Solan stared at Oestera, their eyes speaking in a language that couldn’t be translated.

“I’ll do it myself,” Leona ground out, a crimson fire lighting inside her chest. “It’s the only way we break this curse, Solan. If we don’t, the gods will maintain their grip on our courts for yet another generation. For a thousand years, they’ve pitted us against one another and bound us to make it impossible to rise against them… if we don’t do it, who will? Your heir? His? How many more centuries will we tolerate their cruelty?”

“Leona,” Solan breathed, his heart sinking into his chest, drowning in blood-red anxiety. He kneeled before her, and that’s when Astra saw it.

The knife in her hand.

“It is impossible to sever a Tether. If it weren’t, one of our predecessors surely would have done it by now.”

Leona set her face, drawing in a deep breath and resting her hand on his chest. “Selenia said it could be done.”

“Is that true?” Solan looked to Oestera, who looked rather like she was about to vomit.

“She assured us it was.”

“But you don’t believe her,” he said, his eyes searching both sisters’ expressions.

Oestera shrugged. “If it were possible, why would we still be here, millennia later?”

“Because no one has ever been brave enough to do it,” Leona muttered. “They’d rather destroy each other’s courts or murder each other to avoid fulfilling some prophecy we both know isn’t true.”

Leona leaned forward, brushing her hand against Solan’s cheek, opal and bronze fusing together in a shimmering heat. “They’ve told us for centuries one touch was instant death, and you know it’s not true. We’re proof it isn’t true!”

“Leona—”

“I know you are not like us. You do not rely on intuition and gut feelings the way we do, but ask yourself, really search yourself—what’s the truth, Solan? It lives within you just as surely as it lives within me. Selenia is sure that we can sever the Tether and break the bond because we’ve been the only two strong enough to accept it.”

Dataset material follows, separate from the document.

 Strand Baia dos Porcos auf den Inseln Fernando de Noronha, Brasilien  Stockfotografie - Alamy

Solan leaned into Leona’s palm, the swirling in his chest shifting from anxiety to devastation.

“What if I’m not strong enough to let it go?”

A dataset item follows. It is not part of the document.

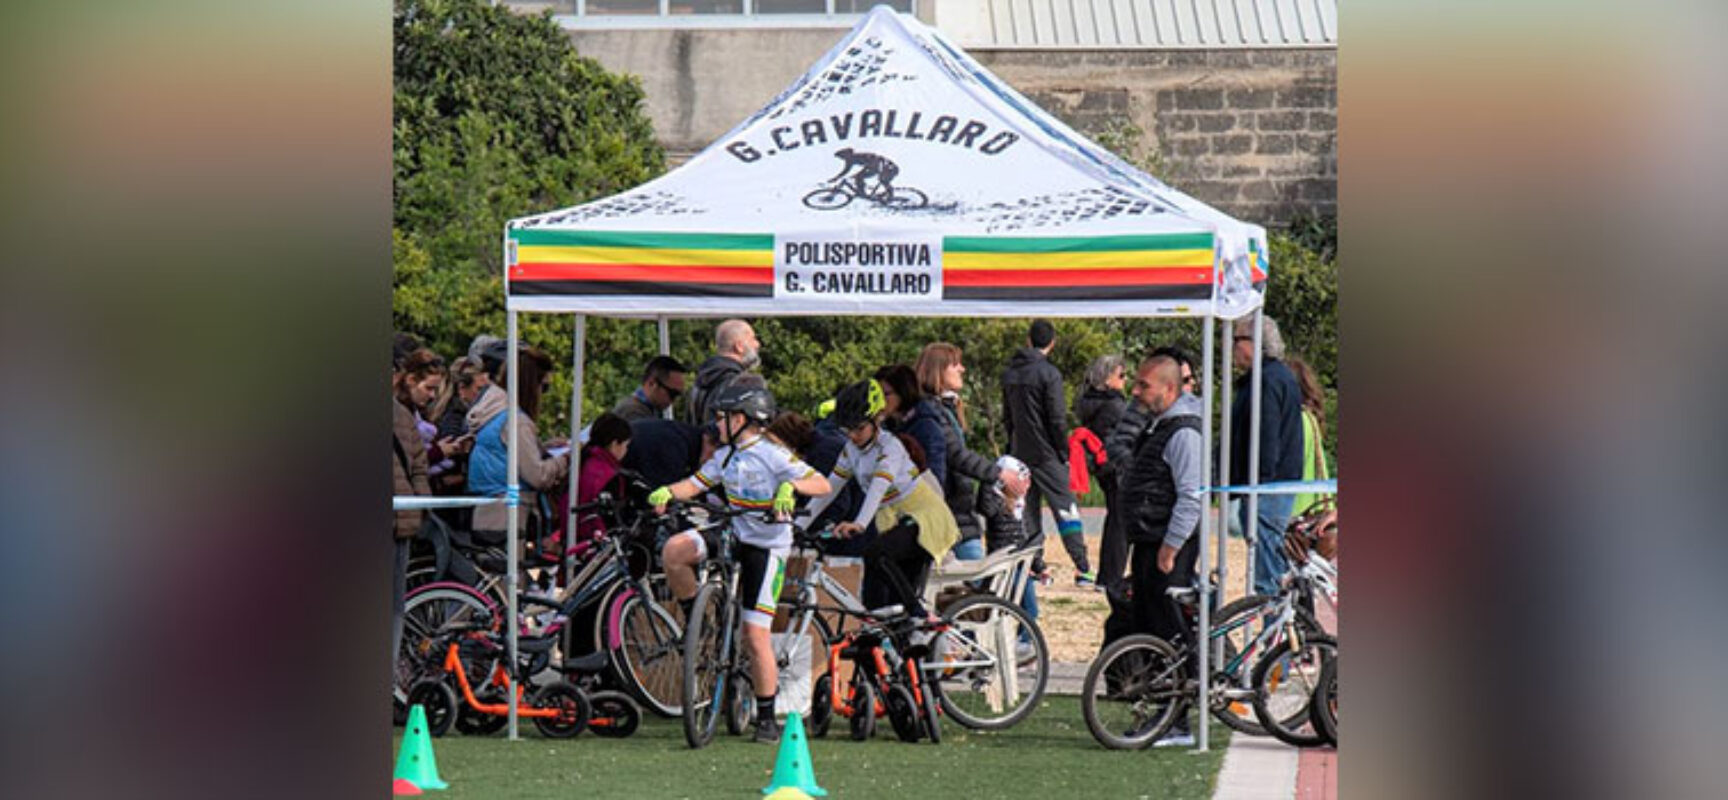 Scuola di Ciclismo Cavallaro, tutto pronto per l’evento “Bici in festa”  

“We have to,” she whispered. “I will come back to you, Tether or no. If we sever it, we’re free from the gods’ interference. If they can’t control us, they can’t stop us from rebelling. We could end this for everyone,” she pleaded.

“I can’t live with myself if something happens, Leona, I can’t?—”

Leona cut him off with a desperate kiss, her hands clutched around the blade between them. When she pulled away, everything had changed within both of them.

The choice to do what is right, not what is easy, rolled through them like a Summer storm.

“You have to do it,” she rasped. “Selenia said the Solar heir had to choose heart over head.”

Solan glanced at Oestera. She nervously twisted her fingers together over her womb, deep purple dread climbing up over her spine.

“It’s what she said,” she confirmed.

Solan turned back to Leona, his eyes welling with stinging tears, lips trembling as he spoke. “Tether or no, I will choose you in every lifetime, Leona.”

She smiled reassuringly. “This is neither first nor last for us, my love.”

The Solar King held her gaze as he wrapped his hands over hers, curling around the handle of the blade. For a moment, neither moved. Time ceased. He held his breath as they communicated a lifetime’s worth of words in a single glance, the blade shining in the sunlight as Solan rotated it.